/CarND_Semantic_Segmentation

Fully Connected Convolutional Neural Net FCN to identify the road in a collection of pictures. The encoding of the FCN will be provided by a pre-trained VGG16 model and the decoder will be built using 1x1 convolutions, upscaling and layer skipping.

Primary LanguageJupyter Notebook

Semantic Segmentation

Self-Driving Car Engineer Nanodegree Program

By: Eqbal Eki

Introduction

The objective of this project is to build a Fully Connected Convolutional Neural Net FCN to identify the road in a collection of pictures. The encoding of the FCN will be provided by a pre-trained VGG16 model and the decoder will be built using 1x1 convolutions, upscaling and layer skipping.

File structure

  • fcn.py contains FCN class which is responsible of training, load pretained VGG model, build the model layers and even save the trained model. The main public function is run. It can be used with something like:

     fcn = FCN()
     fcn.run()
    
    
  • helpers.py it has all the helpers functions include: checking compatibility and GPU device, Progress bar, check if the VGG model installed and if not download the model, generate training batches and saving inference samples.

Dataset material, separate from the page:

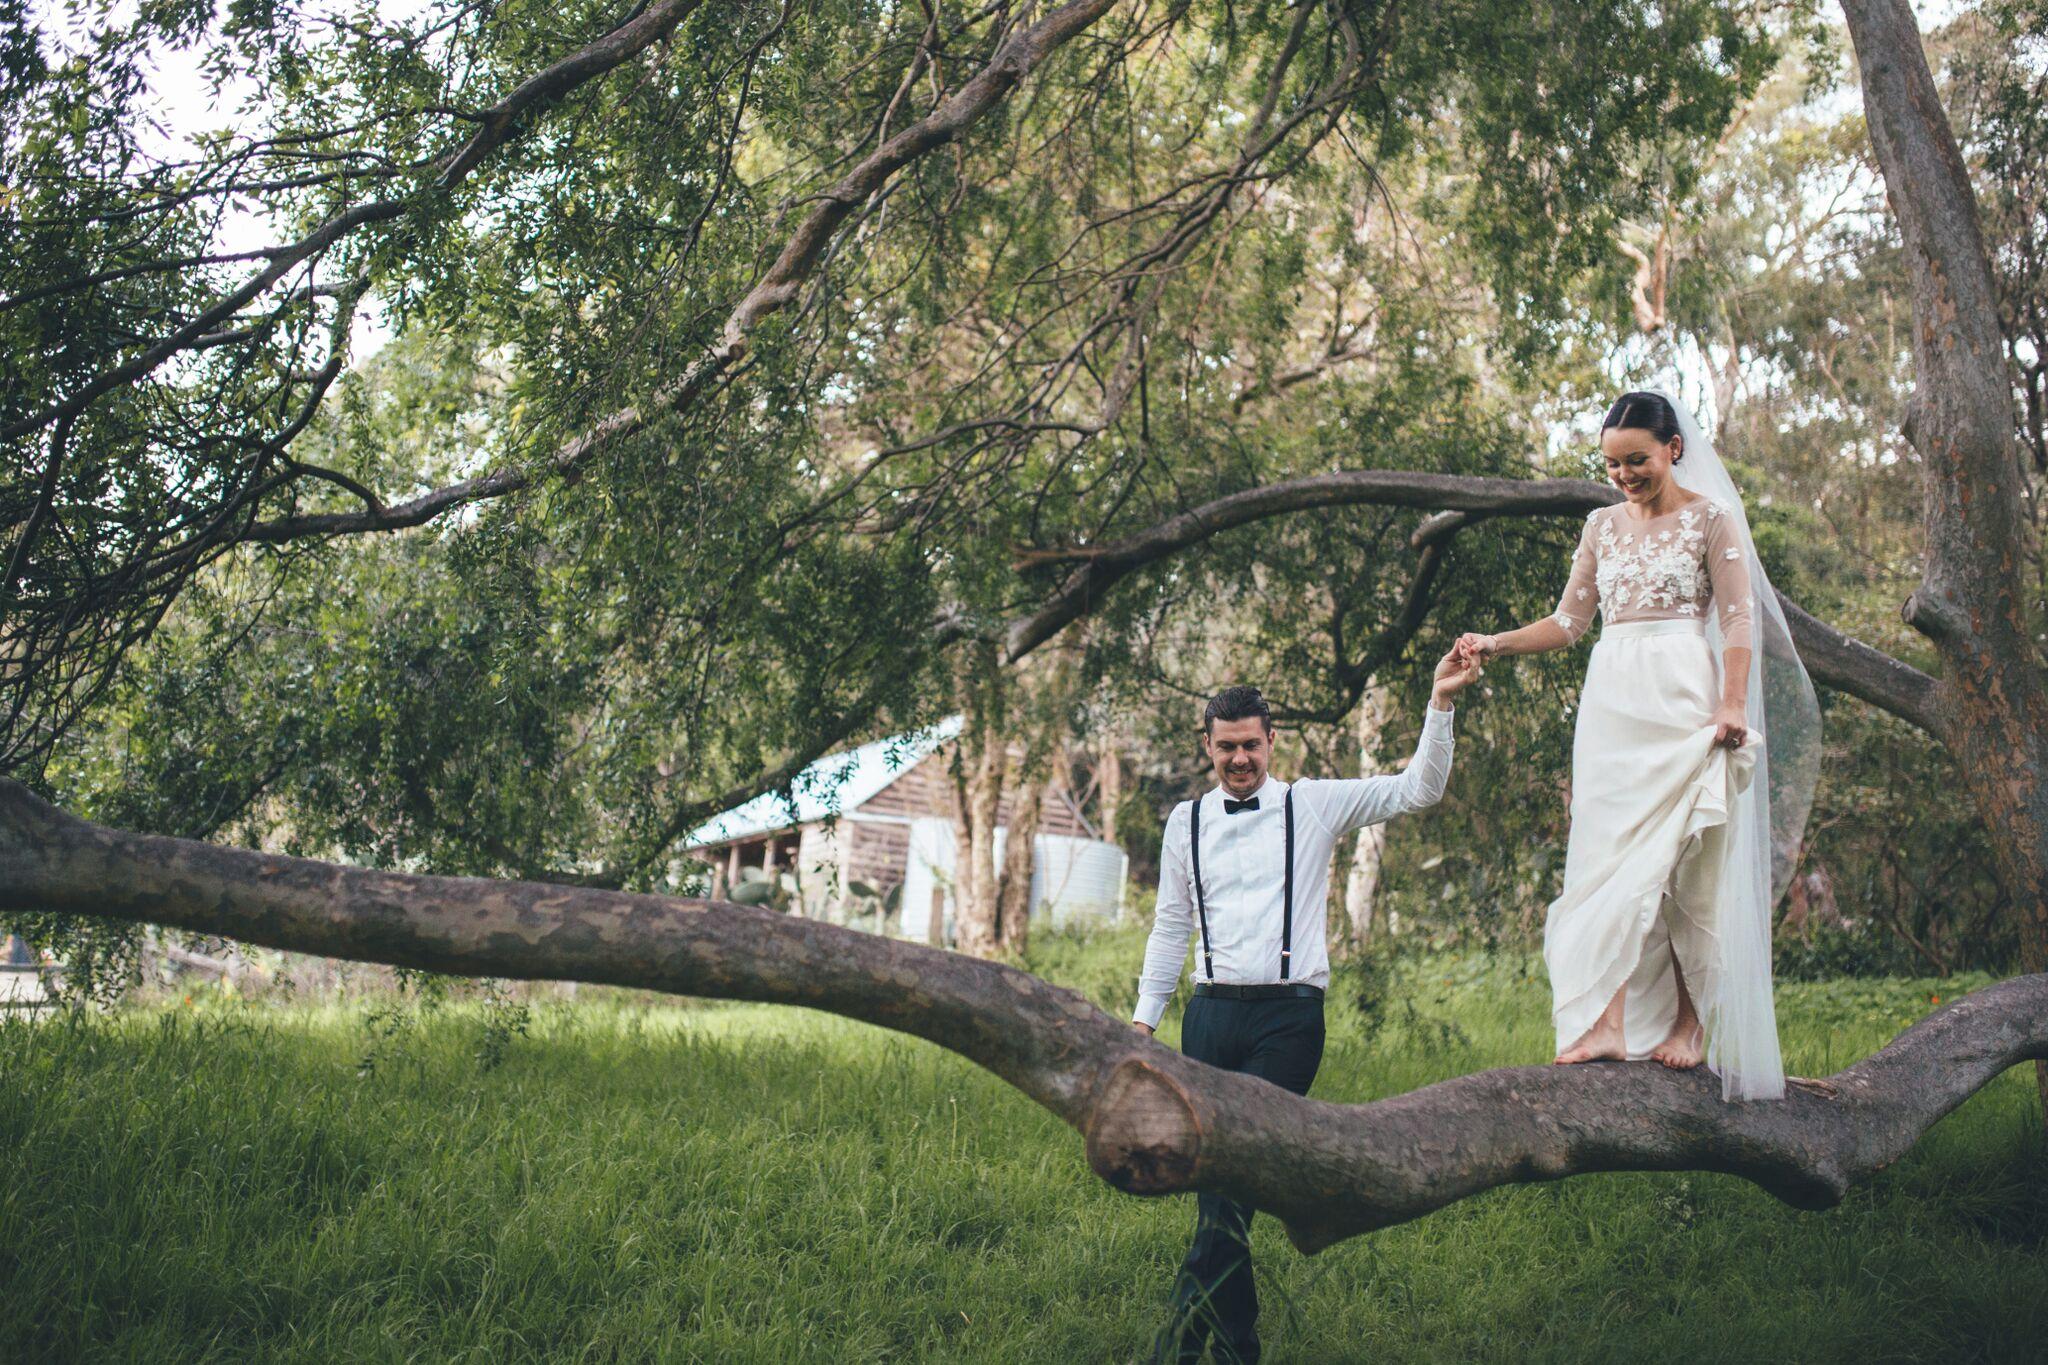 Braut balanciert mit Hilfe des Braeutigams auf einem Ast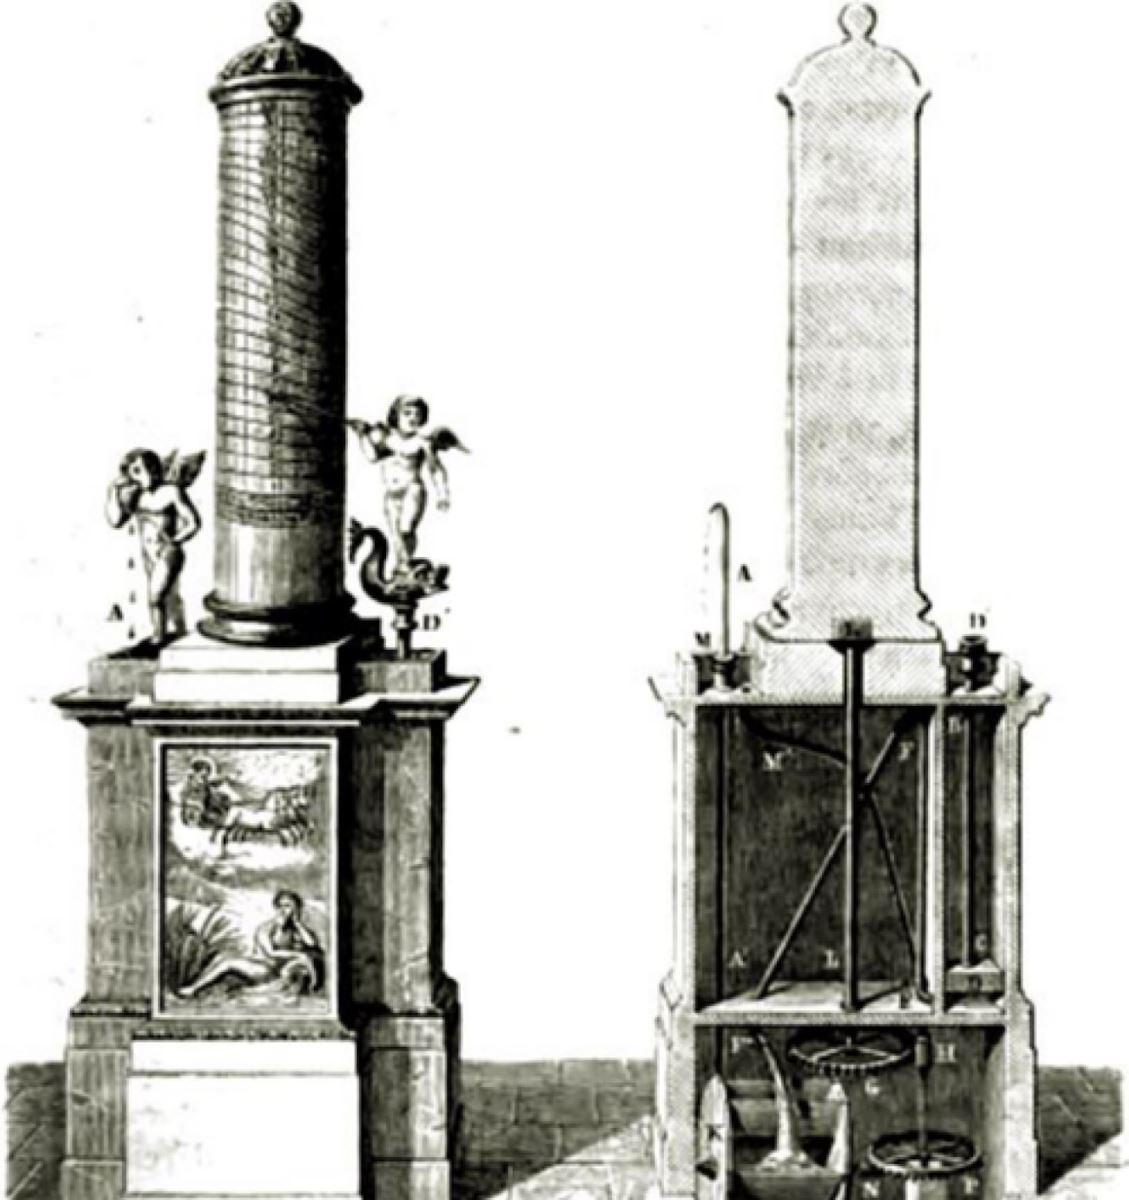 Hình minh họa đồng hồ nước của Ctesibius (285-220 TCN)

  • main.py is a wrapper for FCN so we can use it to run the model.

  • tests.py includes the basic tests like testing the layers and training.

  • playground is a python notebook so I can test the components and document training the model.

  • process_video.py handles videos, segment the images and then process each using the trained model we generated.

Running the project

The project can be run with ease by invoking python main.py or by simply use the notebook and run fcn.run The way it is set up in this repo, using a GTX 1060 it takes about 10-15 minutes to train.

Checklist

  • Ensure you've passed all the unit tests
  • Ensure you pass all points on the rubric.
  • Handle a video sample.

Running the tests

When run, the project invokes some tests around building block functions that help ensure tensors of the right size and description are being used.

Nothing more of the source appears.